The expected output is every line of the data exactly as shown, minus the images.

(DATASET CONTENT begins)

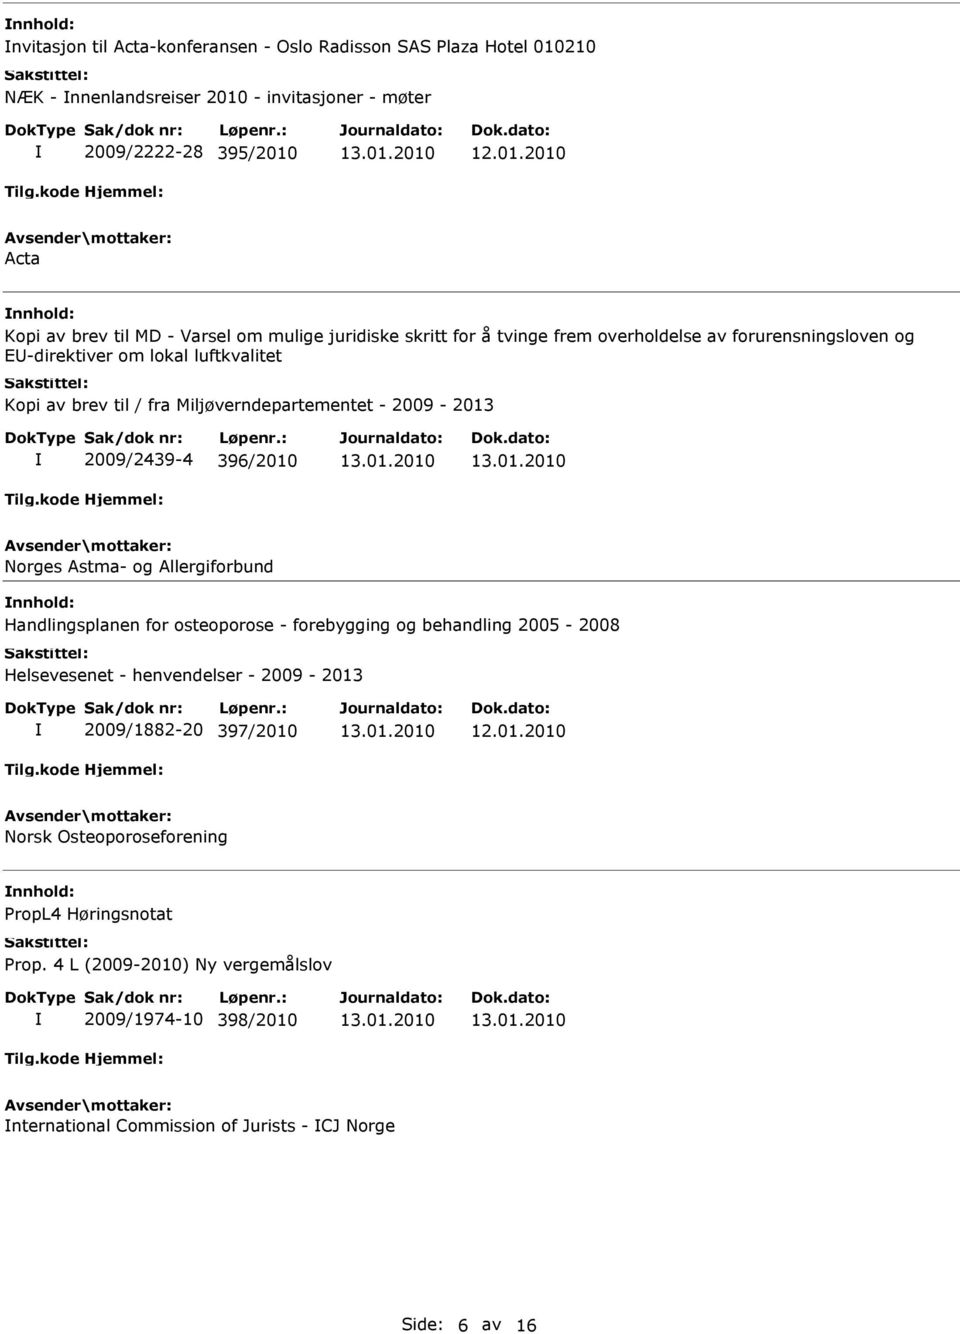 2009/2439-4 396/2010 Norges Astma- og Allergiforbund Handlingsplanen for osteoporose - forebygging og behandling 2005-2008 Helsevesenet - henvendelser - 2009-2013 2009/1882-20
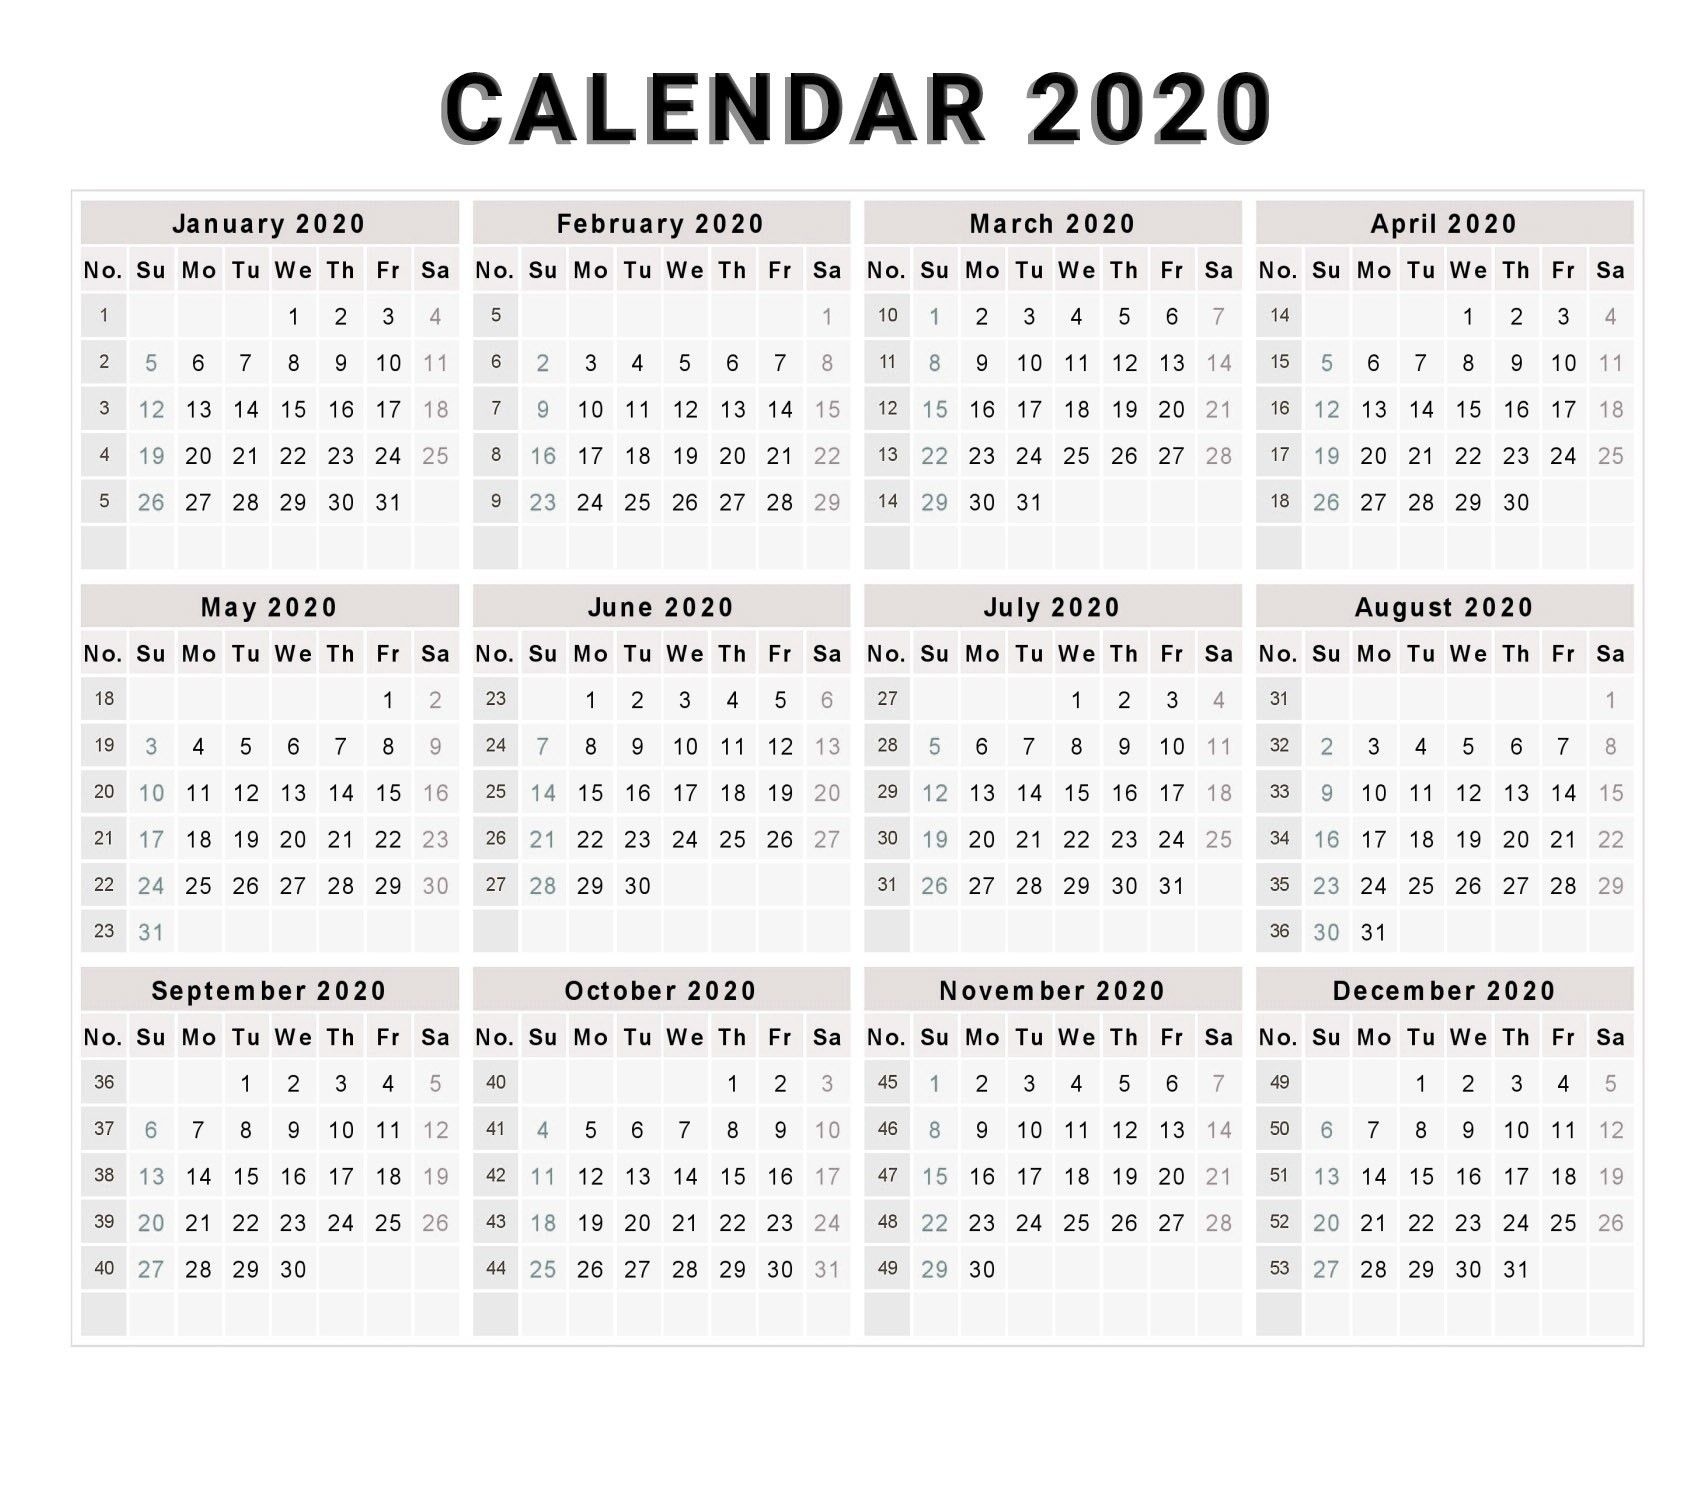 Calendar 2020 Free Printable Calendar 2020 Free 2020 2020 Calendar Template With Week Numbers
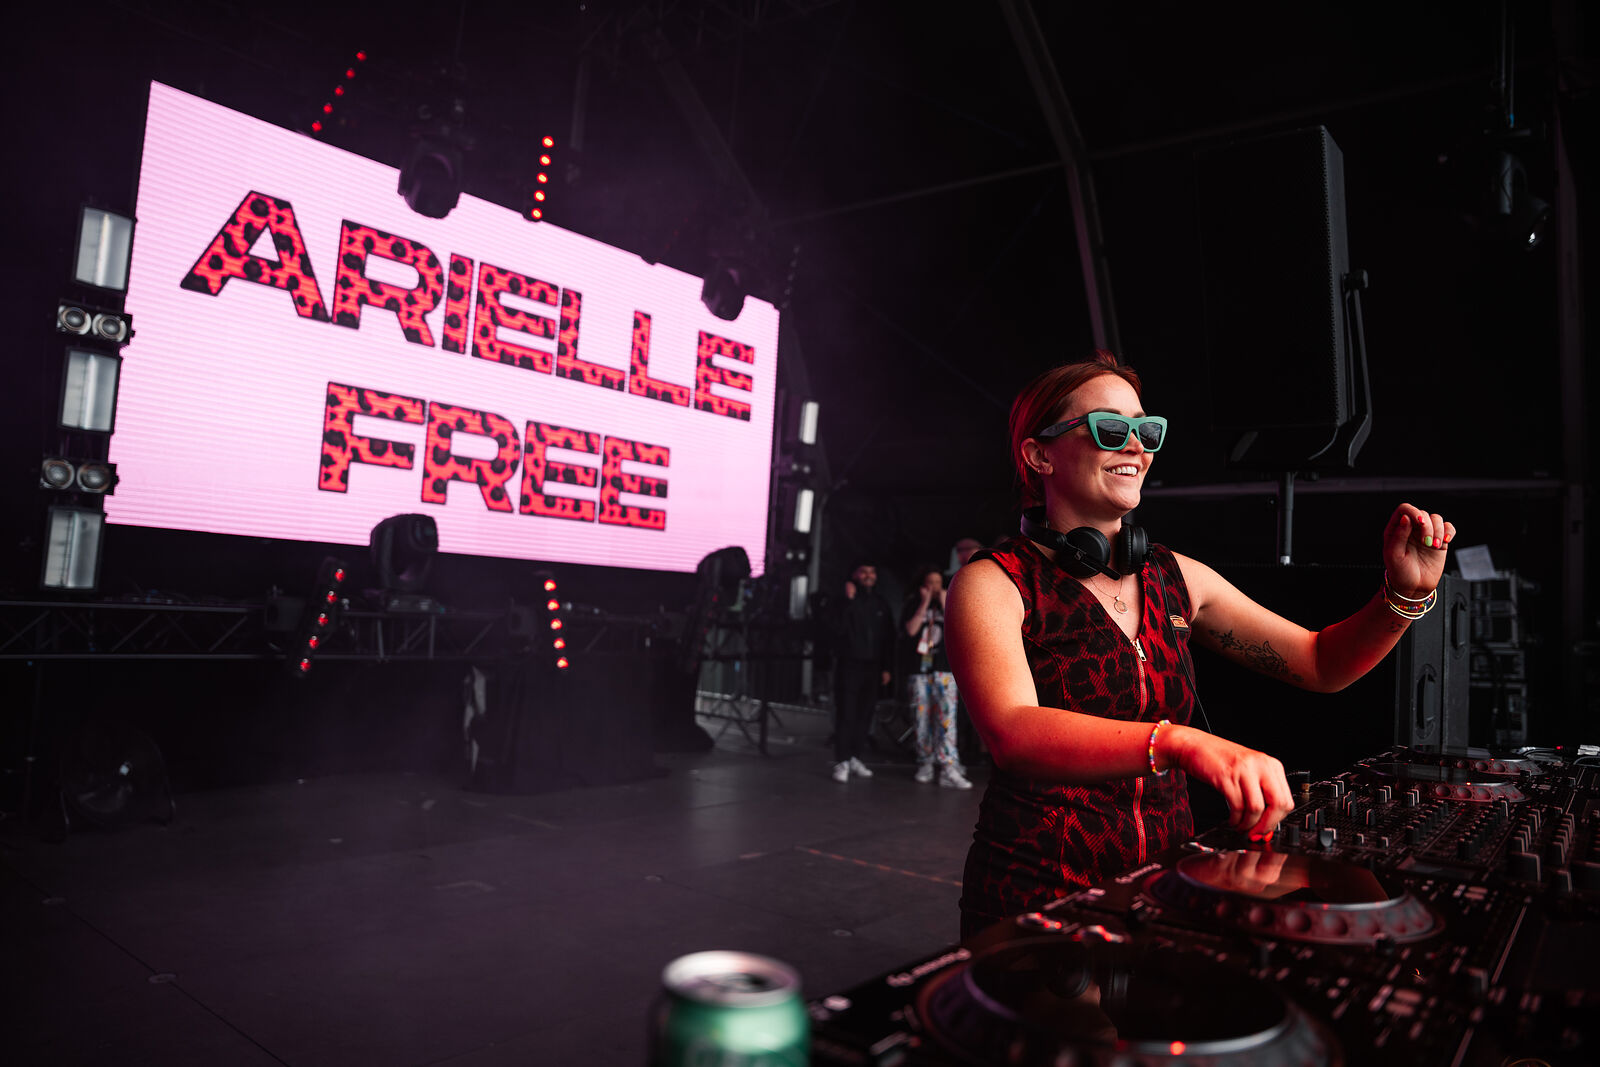 Arielle Free
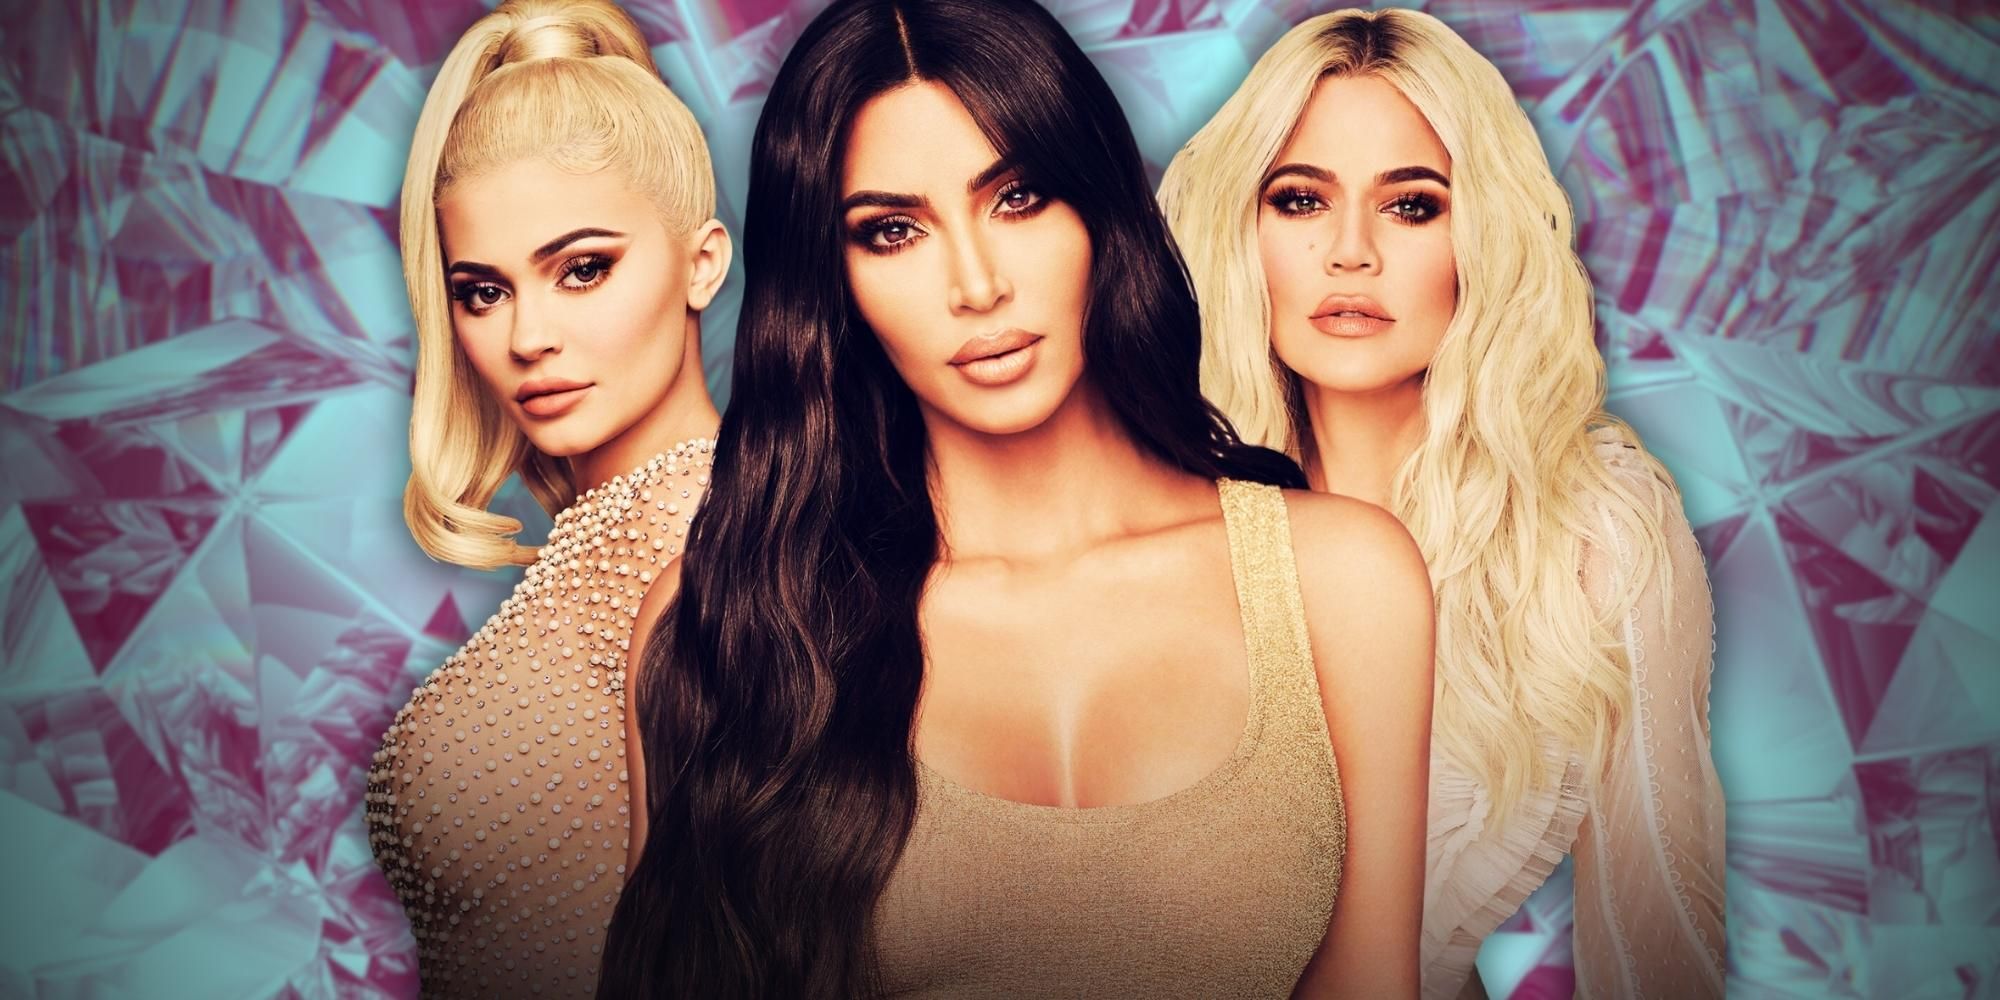 Temporada 3 de The Kardashians: fecha de lanzamiento, reparto, tráiler y todo lo que sabemos

(DATASET CONTENT ends)

--- TASK RESULT ---
 2009/2439-4 396/2010 Norges Astma- og Allergiforbund Handlingsplanen for osteoporose - forebygging og behandling 2005-2008 Helsevesenet - henvendelser - 2009-2013 2009/1882-20
 Calendar 2020 Free Printable Calendar 2020 Free 2020 2020 Calendar Template With Week Numbers
 Arielle Free
 Temporada 3 de The Kardashians: fecha de lanzamiento, reparto, tráiler y todo lo que sabemos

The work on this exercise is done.